(TASK ITEM): Give back the full listing exactly, setting the pictures aside.

(SUPPLIED INFORMATION):

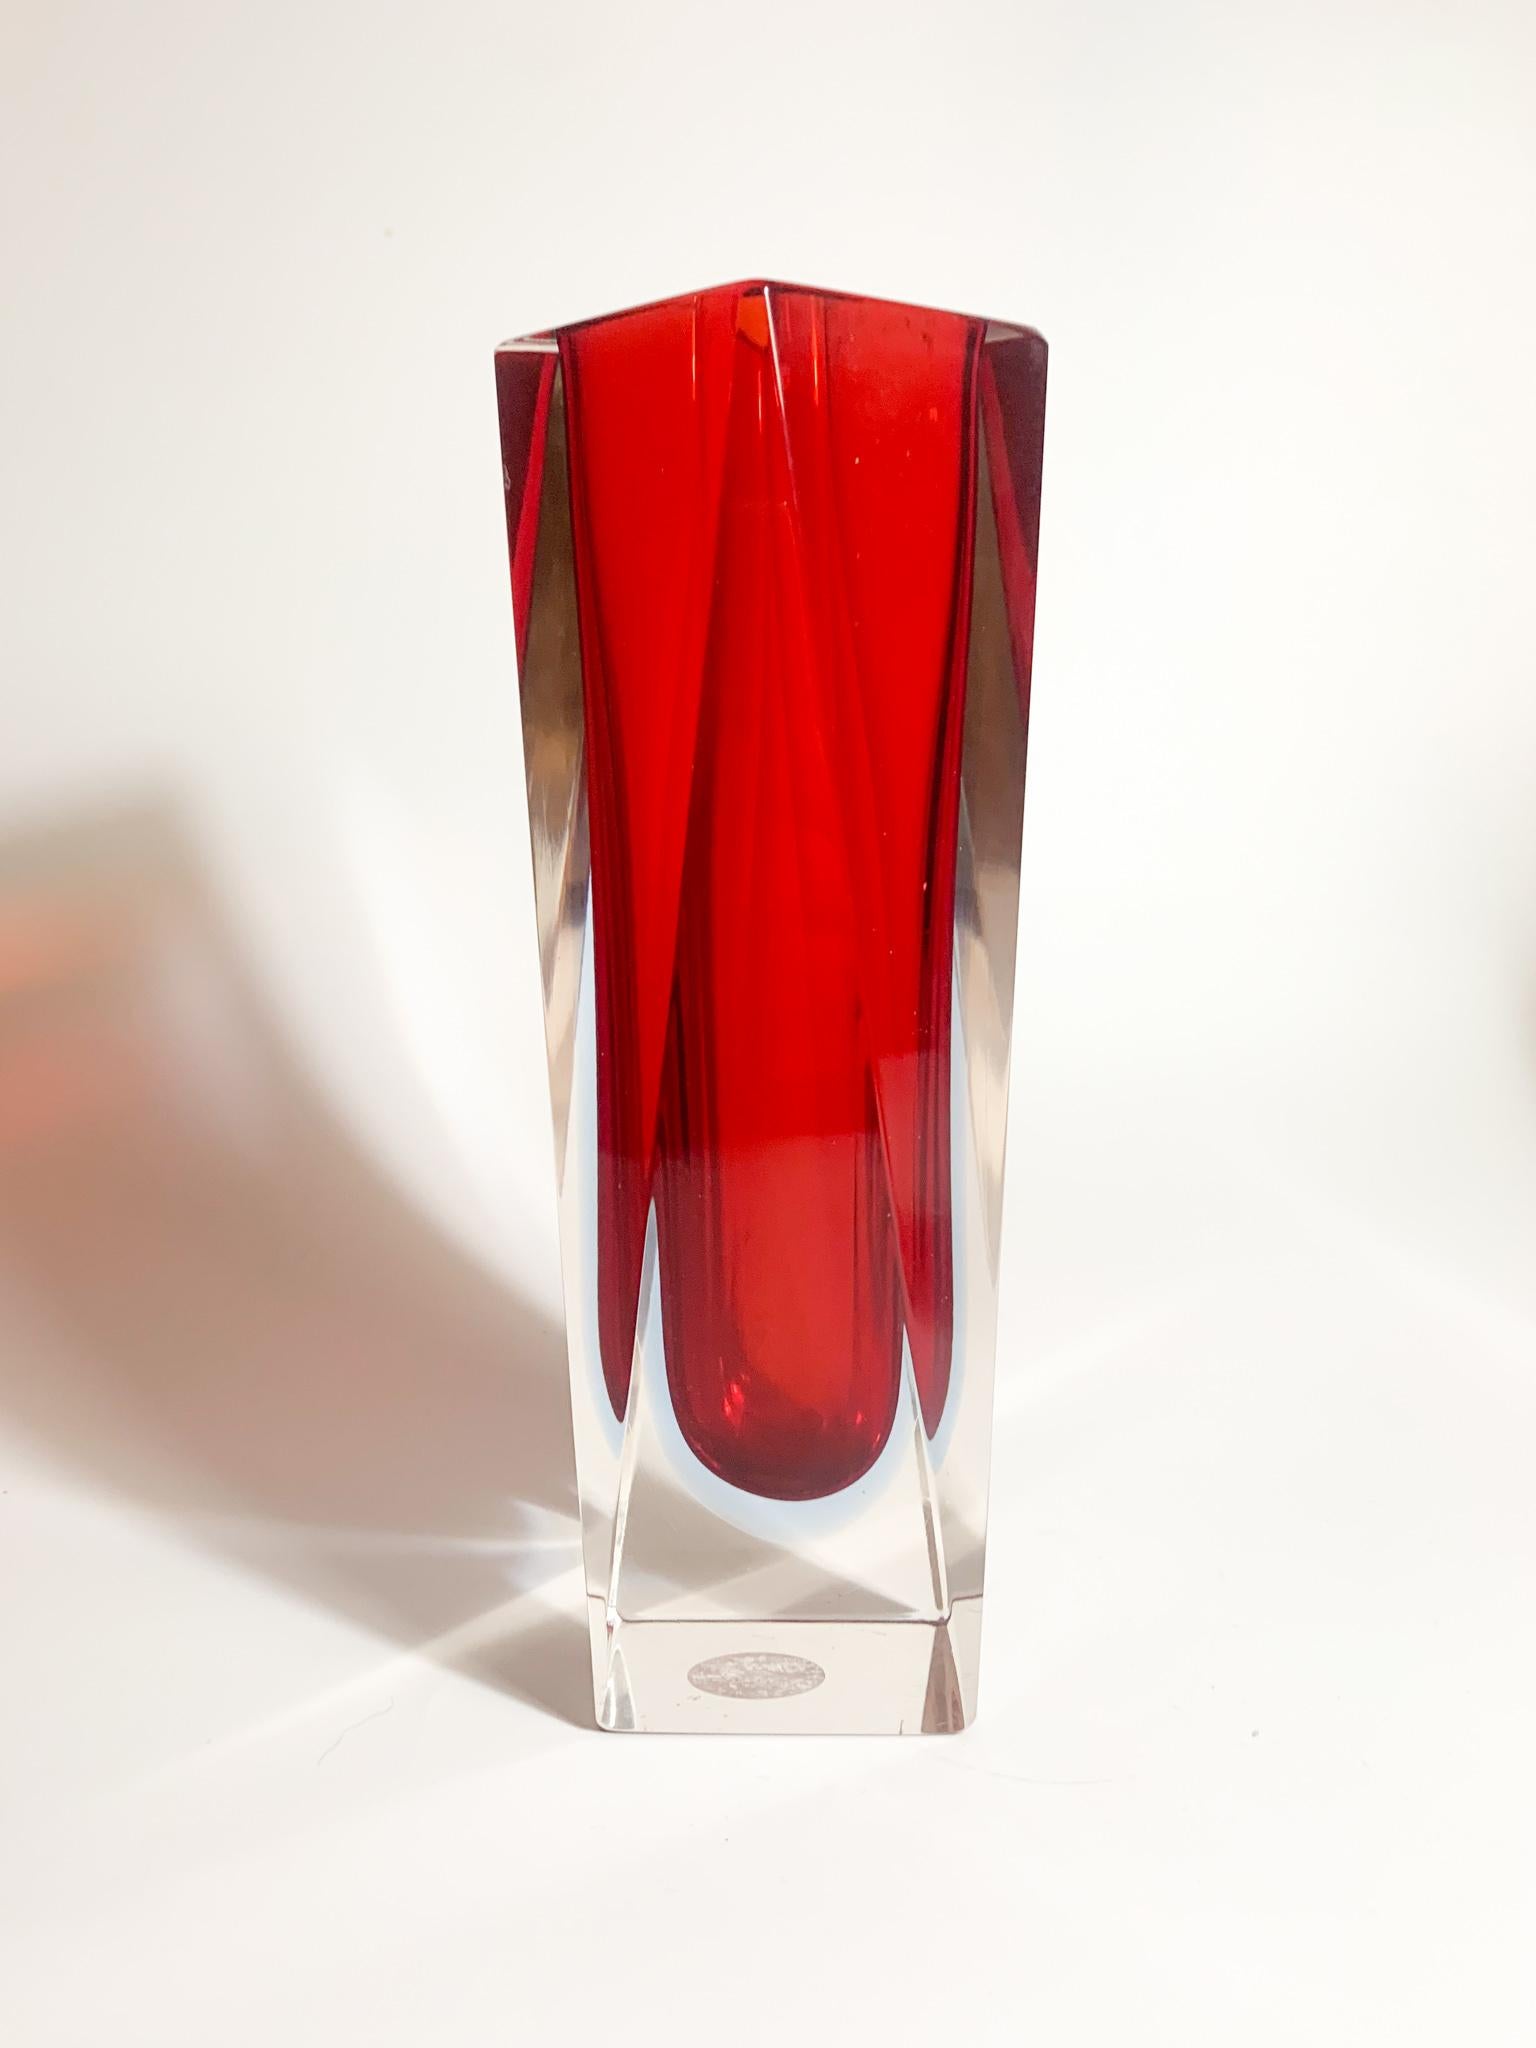 Vase mit geometrischer Form aus rotem und blauem Murano-Glas, deren Herstellung Flavio Poli in den 1970er Jahren zugeschrieben wird

Ø 8 cm, H 20 cm

Flavio Poli wurde 1900 in Chioggia geboren und ist als großer italienischer Keramiker, Zeichner

(TASK ANSWER):
 Vase mit geometrischer Form aus rotem und blauem Murano-Glas, deren Herstellung Flavio Poli in den 1970er Jahren zugeschrieben wird

Ø 8 cm, H 20 cm

Flavio Poli wurde 1900 in Chioggia geboren und ist als großer italienischer Keramiker, Zeichner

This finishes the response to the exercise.